LE TEMPS EST UN SONGE

Article publié dans la Lettre n° 279


LE TEMPS EST UN SONGE de Henri- René Lenormand. Mise en scène Jean-Louis Benoit avec Richard Mitou, Océane Mozas, Valérie Keruzoré, Karen Rencurel, Jim-Adhi Limas.
Une pièce de Henri-René Lenormand à l’affiche est un événement. De ces événements exceptionnels comme la découverte d’un incunable à la B.N. Cet auteur qui connut la gloire et le succès, la reconnaissance de ses pairs entre les deux guerres, est tombé dans l’oubli, voire dans les oubliettes des maisons d’édition. En 1995, Jean-Louis Benoit monte « Les Ratés » de cet auteur mis au purgatoire de la mémoire qu’il découvrit chez un bouquiniste. Celui qui fut le compagnon des Pitoëff, trouve en Jean-Louis Benoit le « ressusciteur » de son œuvre.

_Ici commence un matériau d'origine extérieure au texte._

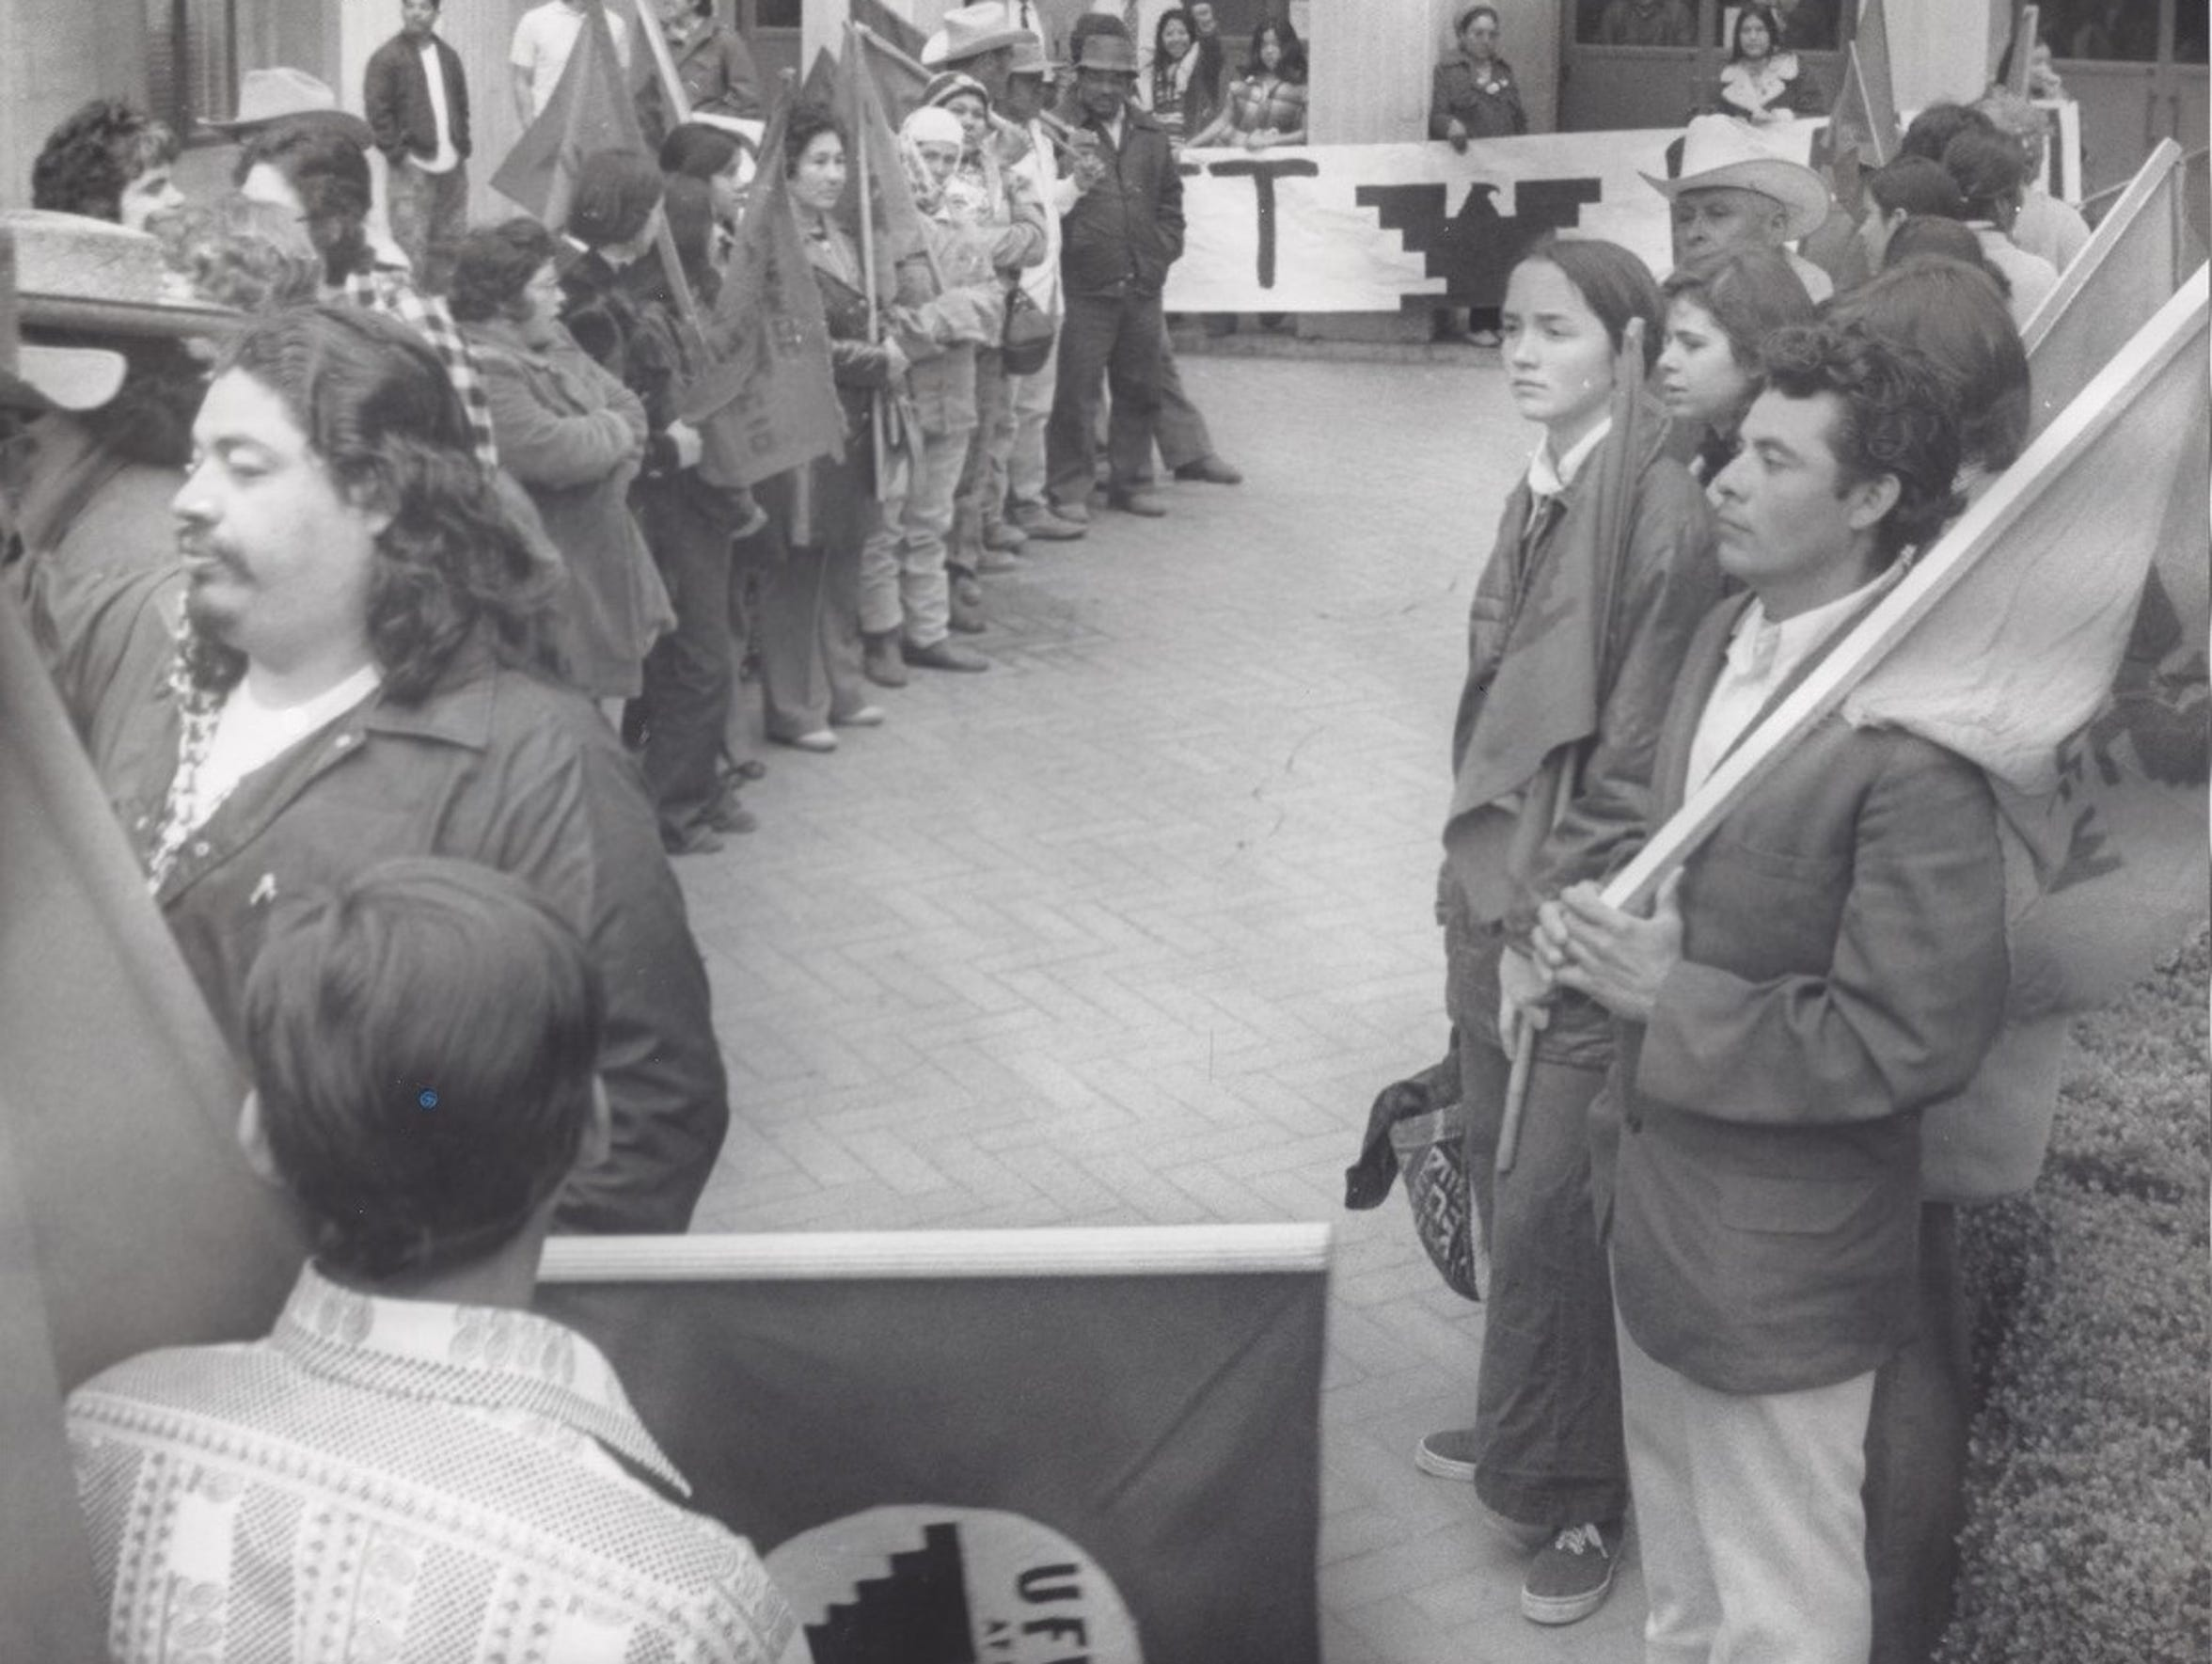 The labor strike in 1974. The Chicano/Chicana movements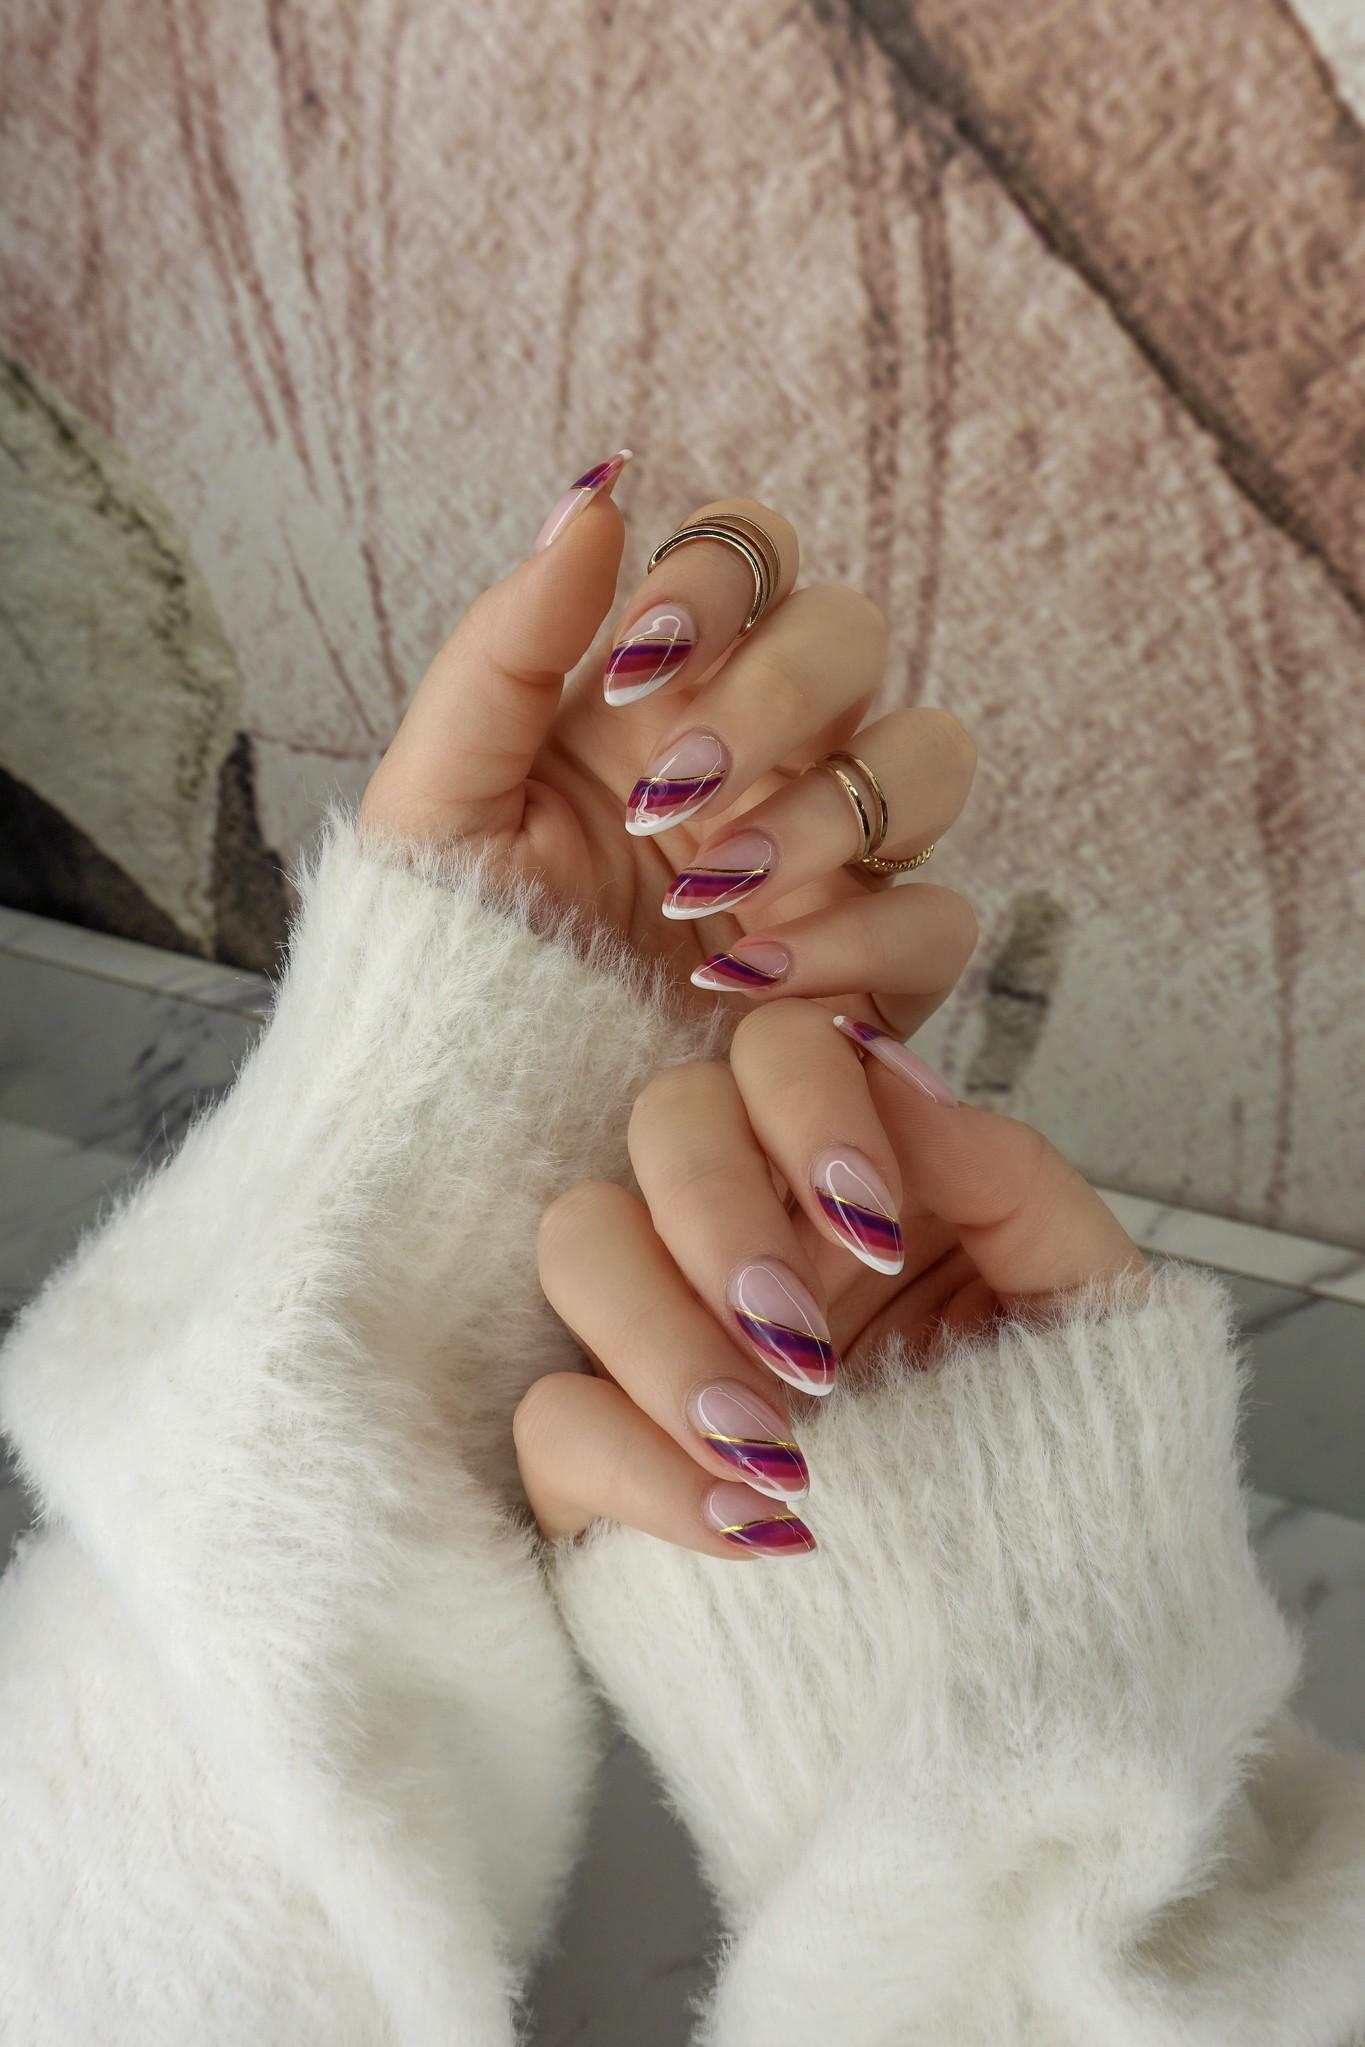 Fall French Twist Nails | Fall Rainbow Stripe Nails | Unique French Manicure | Fall Nails | Thanksgiving Nails | November Nails | Nail Ideas | Nail Art Inspiration | Nail Designs | Autumn Rainbow Mani | Gold Rings | Almond Shaped Nails

Le Temps est un songe est une pièce singulière. Montée en 1919 par Pitoëff, elle séduisit un public enthousiaste. La pièce se déroule en Hollane en 1910. Riemke, une jeune femme, attend le retour des colonies de son frère. Leurs parents vivent là-bas. Elle habite dans leur grande maison au bord d’un étang, au milieu d’un parc avec de grands arbres. Riemke est agacée par la fébrilité de la vieille domestique, impatiente de revoir le jeune maître, Monsieur Nico. Romée Crémers, la fiancée de Nico arrive bouleversée chez son amie Riemke. Elle a vu sur la berge de l’étang un homme qui se noyait. Elle ne sait pas si elle a eu une hallucination due au brouillard ou si elle a rêvé cette vision angoissante. Mais sa description des lieux ne correspond pas au présent : les roseaux sont hauts, il n’a pas de barque. Nico arrive. Romée ne l’a pas vu depuis longtemps. La joie se mêle au malaise. Il ressemble désormais au noyé. Il est l’homme qu’elle a vu. Rêve, cauchemar, hallucination ou vision…
Henri-René Lenormand a mis beaucoup de lui dans cette pièce, ses voyages lointains, sa propre femme hollandaise, et sa découverte de l’œuvre de Freud. La pièce commence comme une nouvelle de Somerset Maughan. On glisse dans un univers proche de Stringberg et on débouche sur un théâtre des ténèbres, une tragédie où les personnages ne peuvent échapper à leur destin. Jean-Louis Benoit signe une mise en scène d’une grande beauté. Le décor de Jean Hass est un salon des années 20. Un canapé, une table basse nous mettent dans le cadre feutré d’une grande maison bourgeoise. Les costumes de Marie Sartroux respectent l’époque, la vieille domestique est vêtue à l’ancienne mode pour accentuer son appartenance antique à la maison. Les murs sont de grands panneaux qui servent d’écran à un habile jeu de miroir et de projection vidéo décalée, faisant apparaître la persistance rétinienne de l’instant perdu. Jeu de reflet, effet de brouillard, climat pesant, l’annonce d’une tragédie annoncée. Dans cette mise en scène racée et épurée, qui se joue du temps, le spectateur est happé, fasciné. Le spectacle, créé à Sceaux, est suivi d’une importante tournée dans toute la France. Espérons qu’un éditeur aura la curiosité de fouiller dans son catalogue et d’exhumer l’œuvre de Henri- René Lenormand. Les Gémeaux, Sceaux 92.